LTB because of one conversation is overzealous, but if this is symptomatic of his general attitude within the relationship, then why waste your energy and money on him?

Travis1 · 12/10/2017 09:51

Honestly what are his good points? My DH can be a bit laid back but even he would be asking those questions. Have you been together long? I think I'd be suggesting he leaves. This isn't just about carpet.

LewisThere · 12/10/2017 09:51

Having someone coming to measure again isn't unusual. I have done that in the past.
But te refusal to actually ask when they would be able to fit it? That's a very normal question to ask and HBVU.

Also, I have always paid a deposit for having a variety fitted, never the full amount. The rest is always paid AFTER the fitting.

But the most important thing is the total lack of respect he has for you. He was very dismissive of you, clearly tries to placate you.
Seeing that there are other stuff going on with the way he is with you, are you sure there is t a need to review the state if your relationhsip and check it's worth for you to Stay?
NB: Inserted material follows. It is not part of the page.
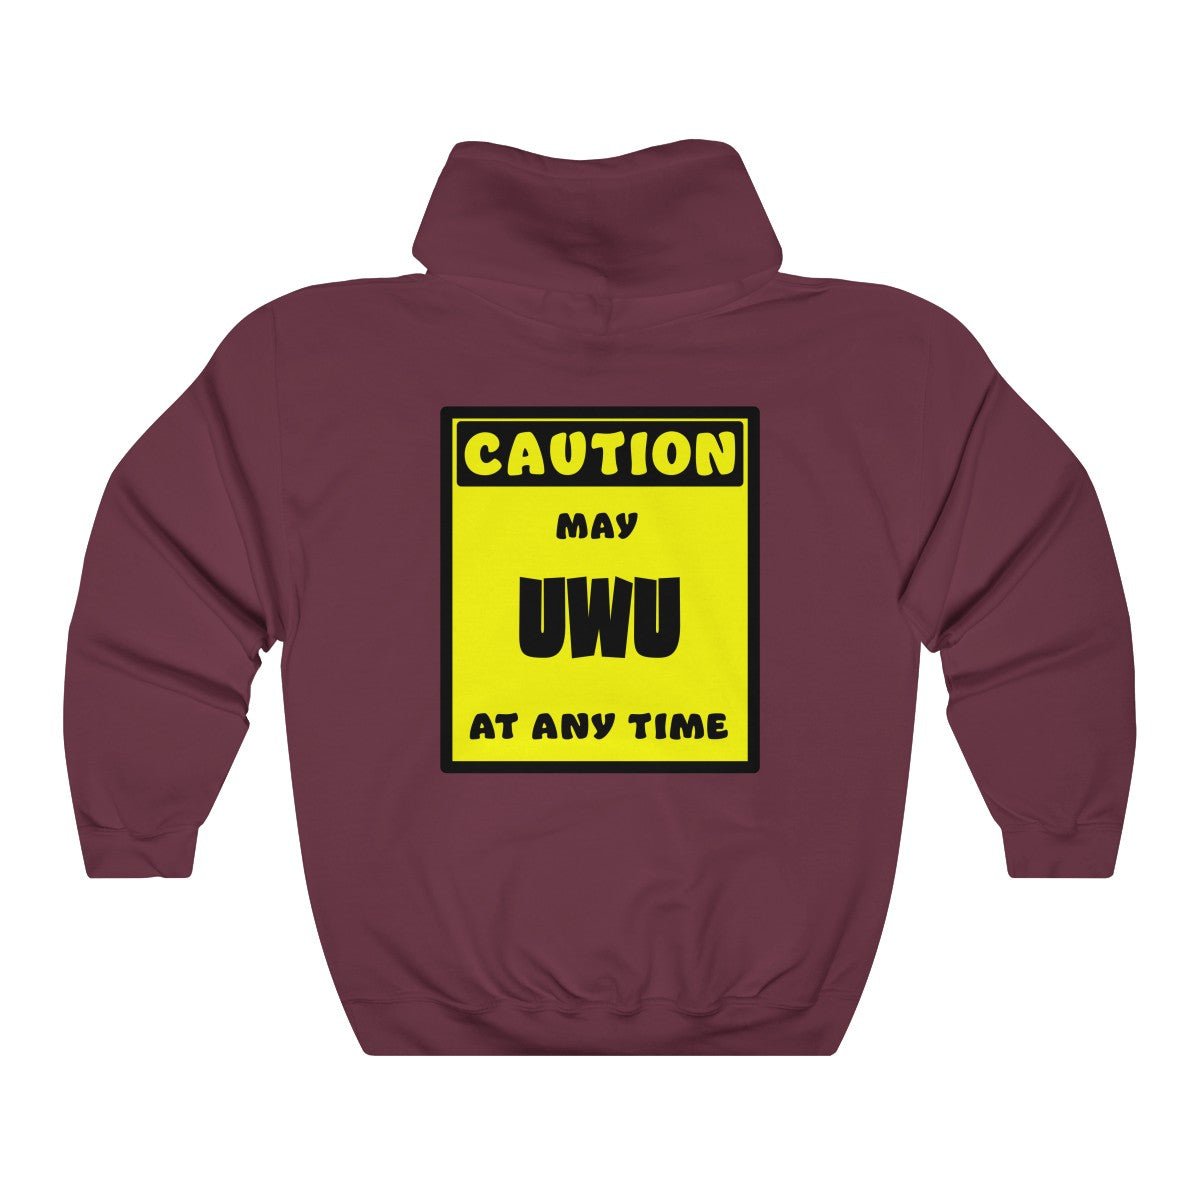 CAUTION! May UWU at any time! - Hoodie Hoodie AFLT-Whootorca Maroon S

LewisThere · 12/10/2017 09:53

Btw you shouldn't wish that yOU hadn't said anything or that you would have done it yourself by going to xxx.
That's not how good relationhsip work.
That's what happens in relationhsip that are in someways abusive or at least not working well at all and one partner is taking the piss.

NotJustThreeSmallWords · 12/10/2017 09:54

The whole relationship sounds awful.
If he's been out of work for 7 months then it's unlikely he would get approval for a mortgage so is the mortgage just in your name OP? If it is, count yourself lucky and get rid of him. This is not a healthy way to live.

YellowFlower201 · 12/10/2017 09:54

The carpet fitter coming to measure up is normal. Our's came measured up and then gave us a quote and we were booked in.

Your communication isn't great. There seems to be a lot of resentment between you. Can you sit down and talk about this when you aren't in a rush?

Louiseop · 12/10/2017 09:57

There is zero point in talking because he just raises his voice and speaks over me.
Every issue.
That's his answer to speak louder and make me feel like I'm wrong.
Not sure if I'm honest why we still together...maybe too old to meet someone else now.